PARECER Ementa: Proposta de Emenda à Constituição nº 20, de 2016, do Senado Federal. Objeto: antecipação das eleições presidenciais para outubro de 2016. Inconstitucionalidade. Rejeição que se recomenda à Proposta. Capítulos: 1- Introdução. 2- As garantias constitucionais da periodicidade do voto e da temporariedade dos mandatos. Seus fundamentos textuais. 3- Relativizações constitucionais das referidas garantias. 4- Um suposto (equivocadamente) precedente judicial. 5- Conclusões. 1- Trinta Senadores da República, em listagem encabeçada pelo Senador Walter Pinheiro, propõem a inserção, no Ato das Disposições Constitucionais Transitórias, de um artigo 101, determinando a convocação de eleições presidenciais simultaneamente às eleições municipais de 2016, com o dia 02/10 para o primeiro turno e o dia 30/10 para um eventual segundo turno.
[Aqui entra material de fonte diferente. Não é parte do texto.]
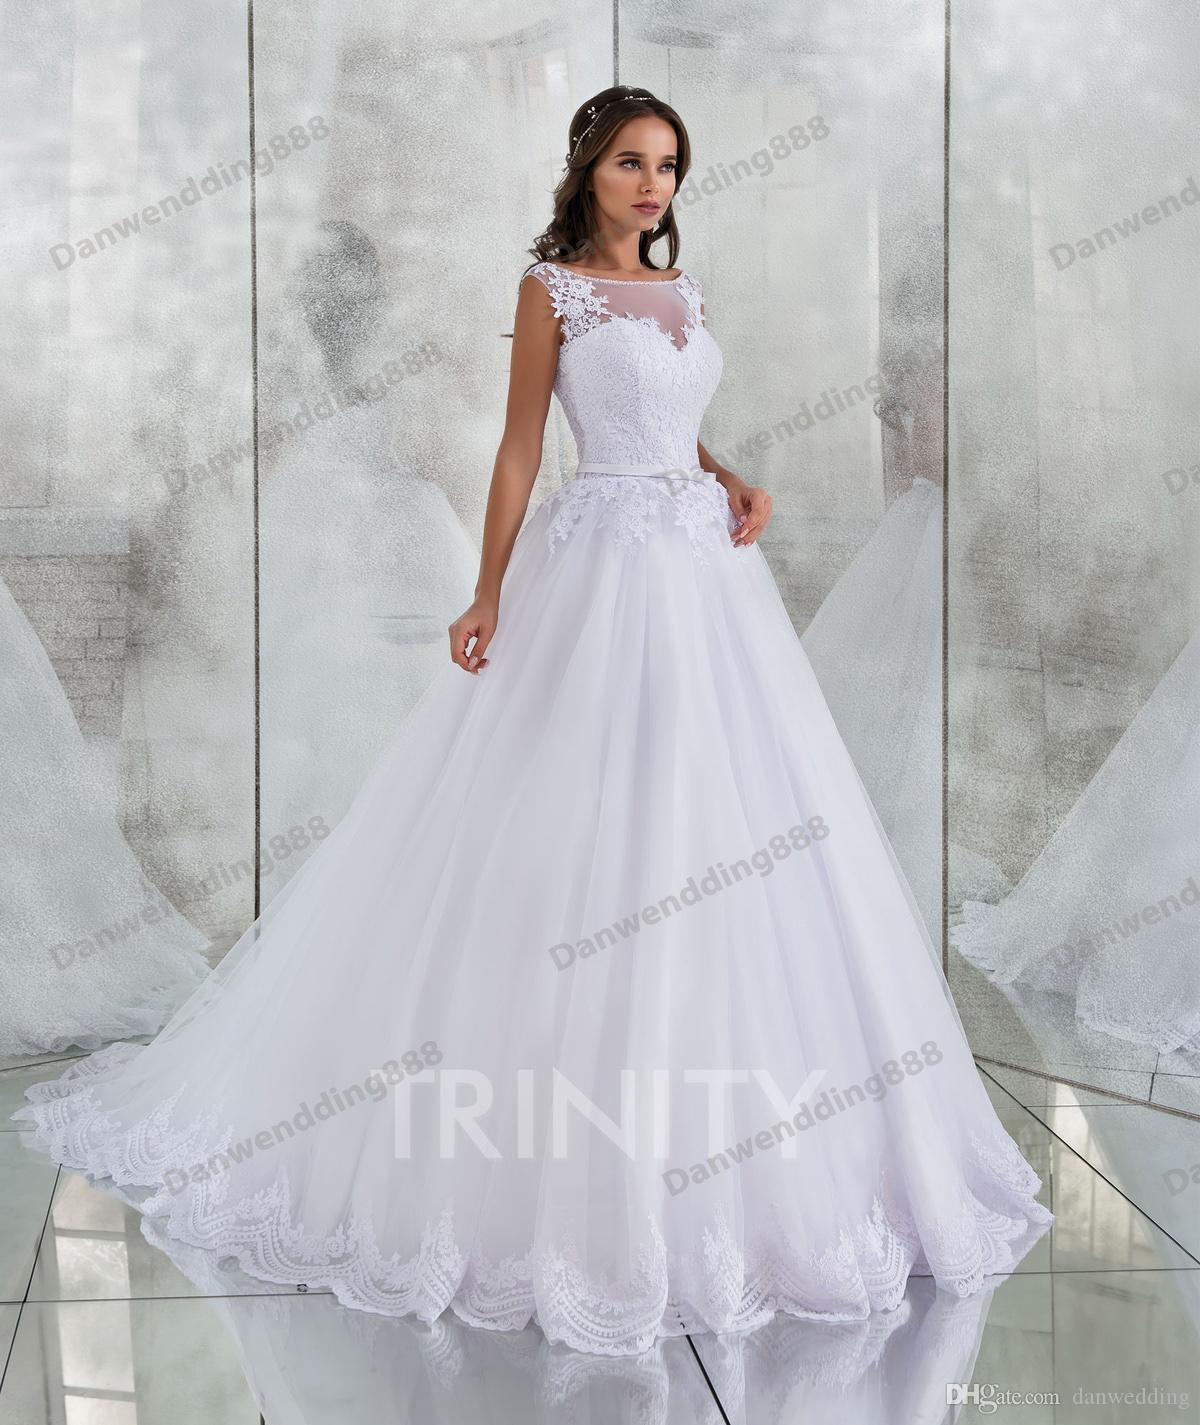 Elegante blanco Scoop Tulle Applique Beads una línea de vestidos de novia nupcial desfile vestidos de boda vestidos de tamaño personalizado 2-16 ZW712174

Como decorrência os mandatos dos atuais ocupantes dos cargos de Presidente e Vice- Presidente da República encerrar-se-iam em 1º de janeiro de 2017, mesma data apontada para a posse dos que eleitos para tais cargos em outubro vindouro (segundo o Projeto). Por sua vez, os empossados em 01/01/2017 teriam seus mandatos exauridos em 01/01/2019.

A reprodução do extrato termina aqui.